At Christmas


I post this poem every year because in my mind it best describes the reason Jesus came. This celebration is about God’s gift of Himself to us; about the child that grew to manhood, willingly gave his life in our place, then rose from the dead to demonstrate he’d defeated not only sin but death itself.

Christianity isn’t self-help, moralizing, or perfunctory piety. (Yes, people reduce it to that, but those are parodies.) In Jesus Christ is forgiveness of sins, transformation of heart, redemption of the very core of who and what you are. It’s life. Eternal life.

Accepting it is radical. It means change – sometimes confusing, uncomfortable, inconvenient change – but most remarkable of all is that it’s real and it’s free. Jesus lives.

And He loves you.
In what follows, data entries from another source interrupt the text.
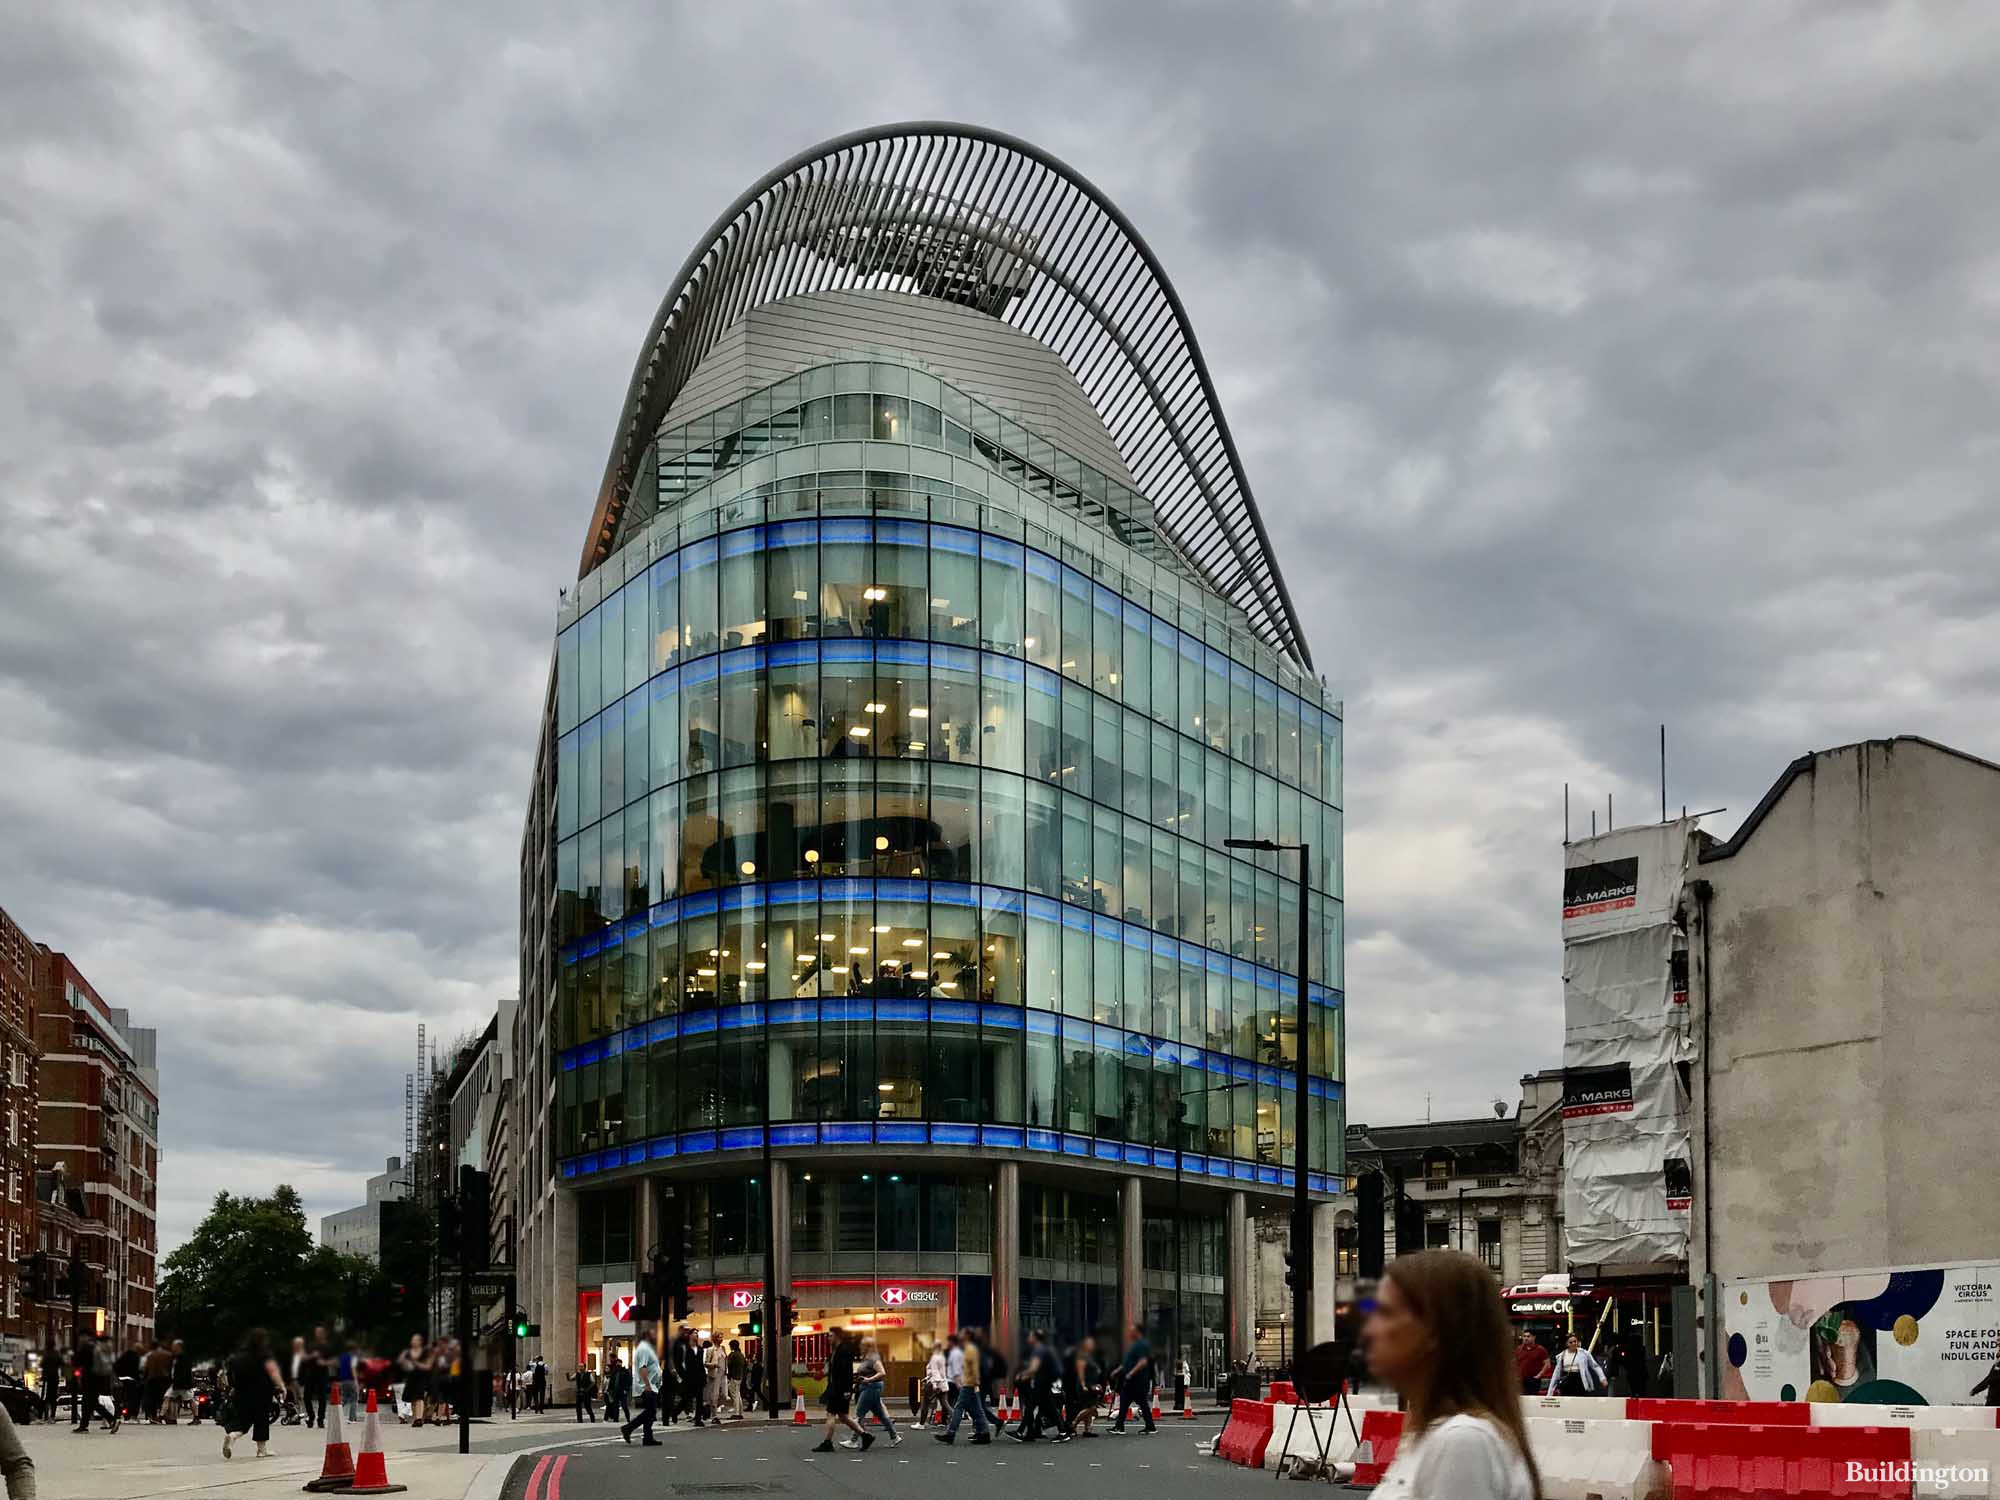 The Peak office building designed by Sheppard Robson at the junction of Victoria Street, Vauxhall Bridge Road and Wilton Road in London SW1.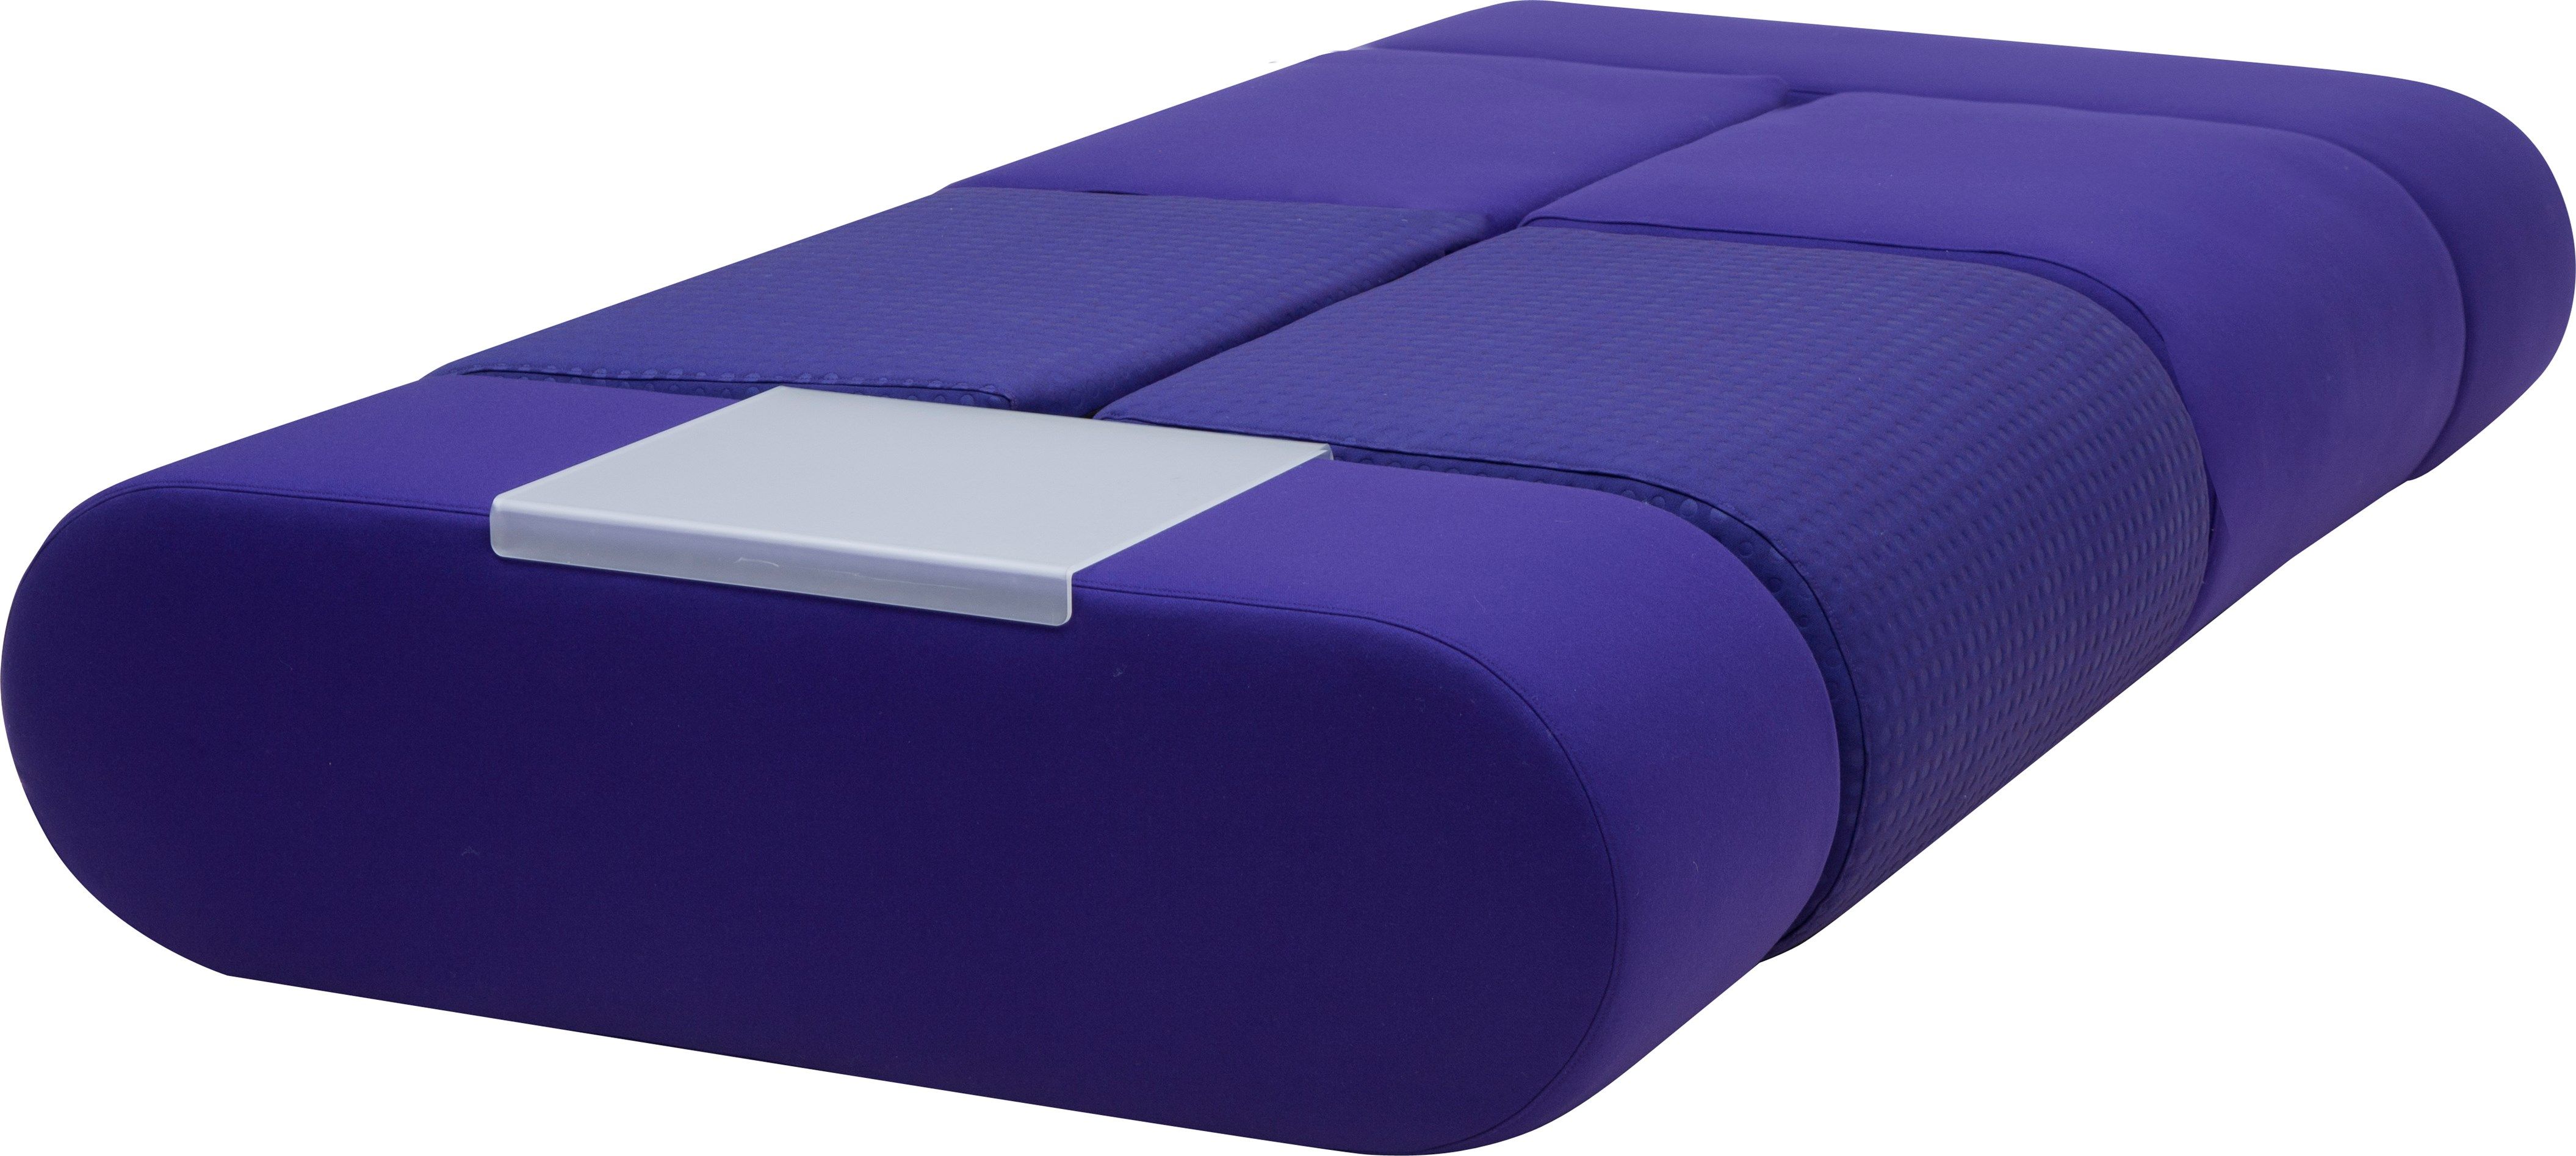 Sofa Bed Heart by Softline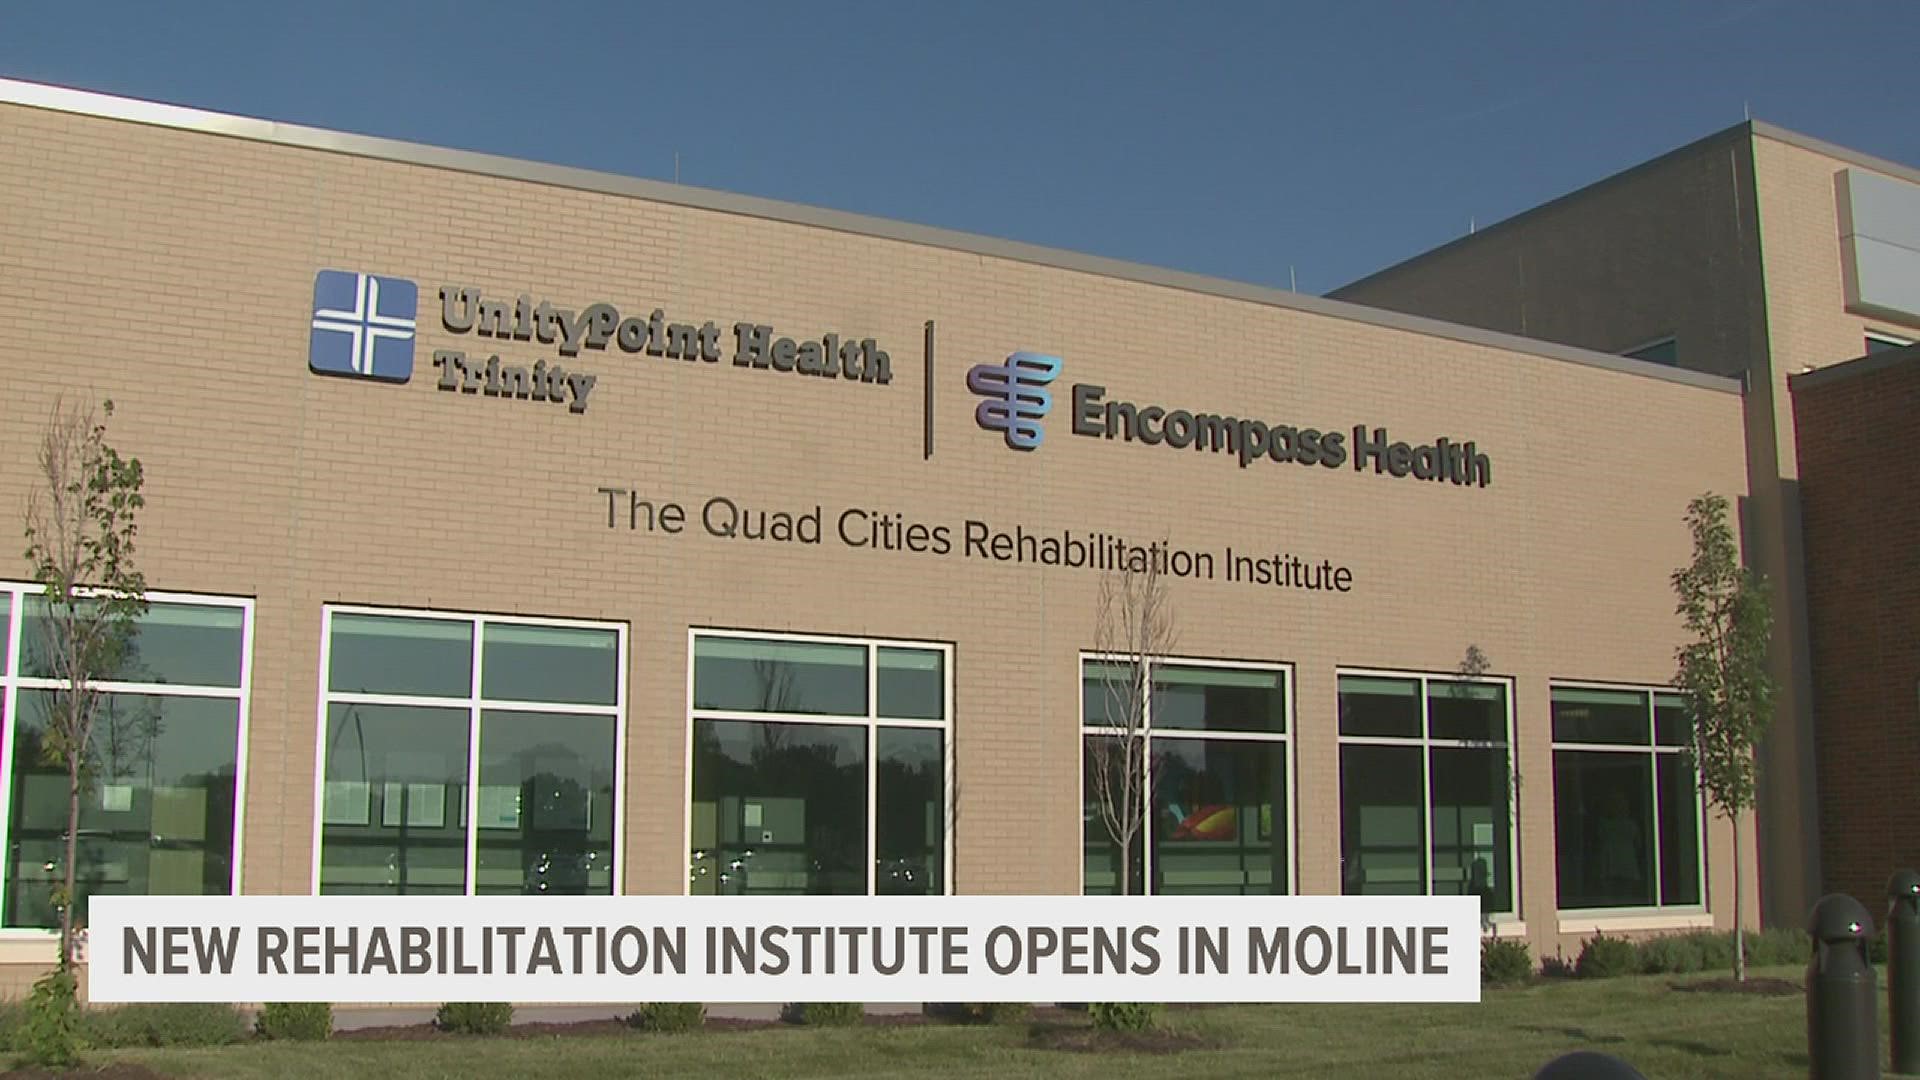 The medical groups cut the ribbon and opened the Quad Cities Rehabilitation Institute on Thursday, bringing a new, state-of-the-art physical therapy center to the QC

Really.

Let the Stable Still Astonish

Let the stable still astonish:
Straw- dirt floor, dull eyes, dusty flanks of donkeys, oxen;
Crumbling, crooked walls; No bed to carry that pain.

And then the child –
Rag-wrapped, laid to cry in a trough.
Who would have chosen this?
Who would have said:
“Yes, Let the God of all
the heavens and earth
be born here, in this place”?

Who but the same God who stands in the darker, fouler rooms of our hearts and says,
“Yes, Let the God of Heaven and Earth be born here – in this place.

May God bless you and keep you all in the new year, and make you an instrument of His Courage, Compassion, and Grace.